Aircraft Arrangements
The Company periodically charters aircraft owned by MPM Financial, LLC (“MPM Financial”), an entity affiliated with the Marciano Trusts, through informal arrangements with MPM Financial and independent third party management companies contracted by MPM Financial to manage its aircraft. The total fees paid under these arrangements for fiscal 2016, fiscal 2015 and fiscal 2014 were approximately $0.6 million, $1.4 million and $0.6 million, respectively.
Consulting Arrangement
After serving for over 30 years as an executive and leader for Guess?, Inc., co-founder Maurice Marciano retired from his position as executive Chairman of the Board and as an employee of the Company upon the expiration of his employment agreement on January 28, 2012. In connection with his retirement and under the terms of his previously existing employment agreement, the Company and Mr. Marciano entered into a two-year consulting agreement, subsequently extended for a third year (the “Marciano Consulting Agreement”), under which Mr. Marciano provided certain consulting services to the Company. The Marciano Consulting Agreement provided for consulting fees of $500,000 per year and continued automobile use in a manner consistent with past practice. The Marciano Consulting Agreement expired on January 28, 2015 and was not renewed. However, Mr. Marciano continues to serve the Company as a director and the Chairman Emeritus of the Board. The Company elected to continue to provide for automobile use subsequent to the expiration of the term of the Marciano Consulting Agreement based on Mr. Marciano’s continuing substantial contributions to the Company. There were no expenses incurred related to the Marciano Consulting Agreement during fiscal 2016. Total expenses incurred with respect to the Marciano Consulting Agreement were approximately $0.5 million for each of fiscal 2015 and fiscal 2014.
Other Transactions
During 2015, Georges Marciano, brother of Paul Marciano and Maurice Marciano, filed lawsuits against the Company in Canada and the U.S. related primarily to intellectual property rights in the Marciano name. Armand Marciano, also a brother of Paul Marciano and Maurice Marciano, was later added as a plaintiff to the U.S. lawsuit. In addition to the lawsuits, Georges Marciano opposed various of the Company’s applications for registration of its “Marciano” mark. In December 2015, the parties (including all the Marciano brothers) entered into a settlement agreement and a coexistence agreement whereby: (1) Georges Marciano and Armand Marciano agreed to drop all claims and actions against the Company; (2) the Company agreed to pay Georges Marciano and Armand Marciano a sum of $100,000 each (which amounts were substantially reimbursed by insurance); (3) the Company clarified the intellectual property rights of Georges Marciano and Armand Marciano in the use of their respective full names and (4) the parties clarified the Company’s ownership and intellectual property rights in the name “Marciano.”

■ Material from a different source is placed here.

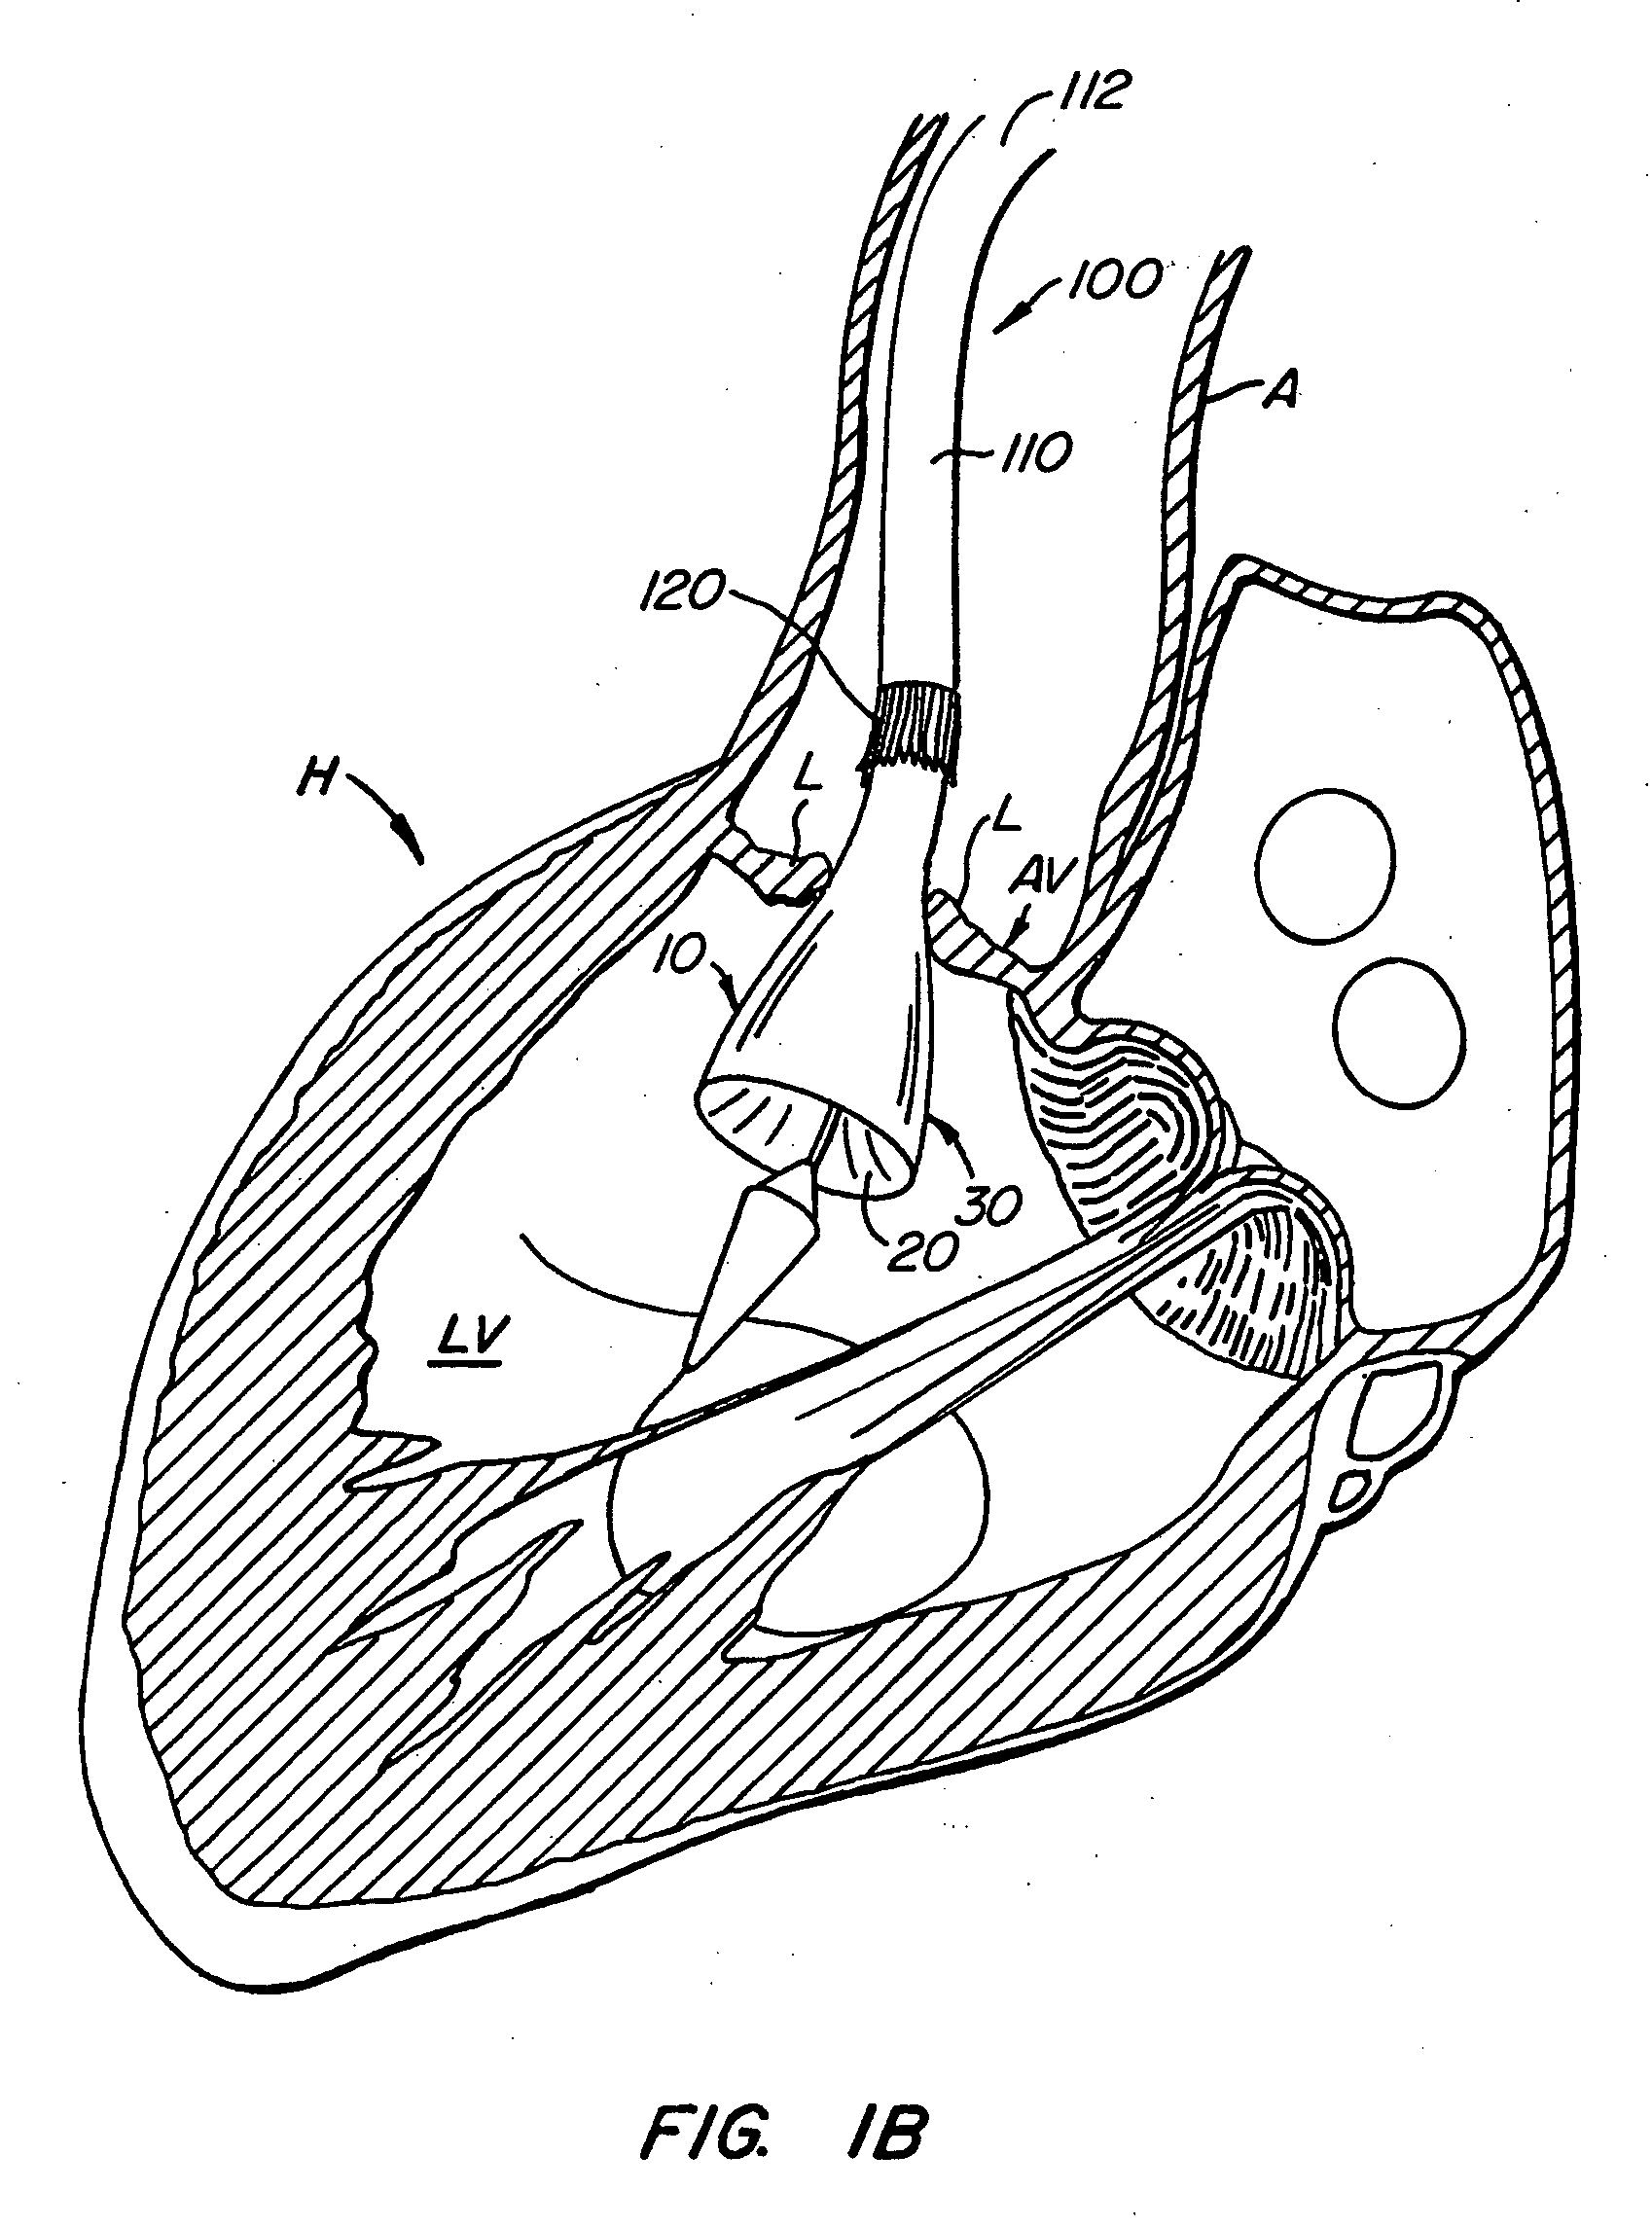 Apparatus and methods for protecting against embolization during endovascular heart valve replacement

From time-to-time, the Company has utilized a third party agent named Harmony Collection, LLC to produce specific apparel products on behalf of the Company. Armand Marciano is part owner and an executive of the parent company of Harmony Collection, LLC. There were no payments made by the Company under this arrangement during fiscal 2016. The total payments made by the Company under this arrangement for fiscal 2015 and fiscal 2014 were approximately $1.0 million and $2.2 million, respectively.